The scientists seem to believe they can prevail by explaining the basis of climate change in clearer terms, while asserting the partisan motives of "climate deniers." This has been the strategy since the early days of the Bush administration, yet for many members of the public, a decade of claims about the "war on science" are likely ignored as just more elite rancor, reflecting an endless cycle of technical disputes and tit-for-tat name calling. What are needed are strategies that transcend the ideological divide, rather than strengthen it. Most importantly, snarling, finger-in-the-eye responses to the skeptics risk alienating the more than one-third of Americans (PDF) who remain ambivalent about climate change.
To be sure, there is a need for better, clearer explanations of the science, but it's wrongheaded to imagine that researchers and their organizations could ever compete effectively, in the long term, in a political debate with climate skeptics and their allies at the Chamber of Commerce and Fox News. Instead of exaggerating the problem of an allegedly hostile American public, scientists need to wake up to the fact that they continue to enjoy almost unrivaled trust and communication capital. Consider that a recent Yale/George Mason University survey finds 74 percent of Americans trust scientists as a source of information about climate change.

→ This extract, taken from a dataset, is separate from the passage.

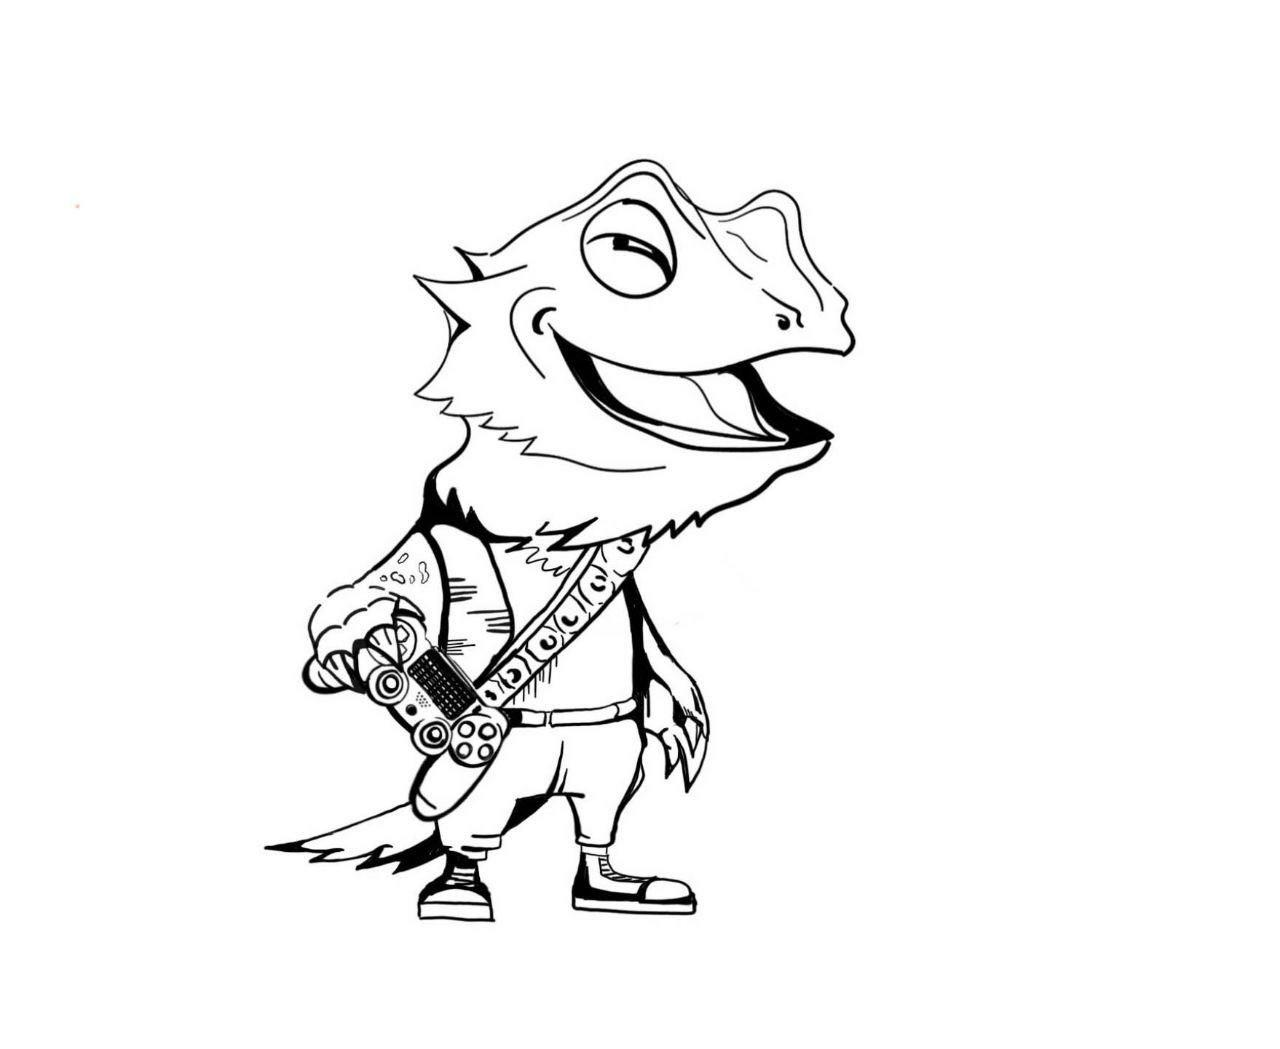 Нарисовать персонажа фриланс freelance research jobs

Though this figure is down slightly since 2008, scientists still outrank every other societal group or political figure on the trust index by a wide margin. The numbers hold even among groups that might seem most antagonistic to science: A recent analysis (conducted by me and several colleagues) found that 77 percent of evangelicals under 35 trust scientists as a source of information about global warming.
Climate skeptics hope to erode this trust by drawing scientists out into the open of political debate. Instead of going on the counterattack, scientists and their organizations should employ their communication capital by partnering with opinion leaders from other sectors of society and engaging with local communities through public meetings and social media. By creating a public dialogue on climate change in cities and towns across the country, they can make the issue more personally relevant without getting mired in ideological differences. In these contexts, scientists and their community partners can talk about climate change as more than just an environmental problem. They can frame the issue in terms of national security, religion, public health, or economics—with an emphasis on policies that would lead to societal benefits rather than sacrifice and hardship.
Here's the best part: These partnerships with opinion leaders, from clergy to CEOs, would do far more than educate the public; they would educate scientists, too. By getting out of the lab and away from their echo chamber of like-minded views about climate politics, researchers would learn how other people view climate change, and what should and can be done about it. In the end, scientists are better off as community-based diplomats than cable news and blogosphere culture warriors.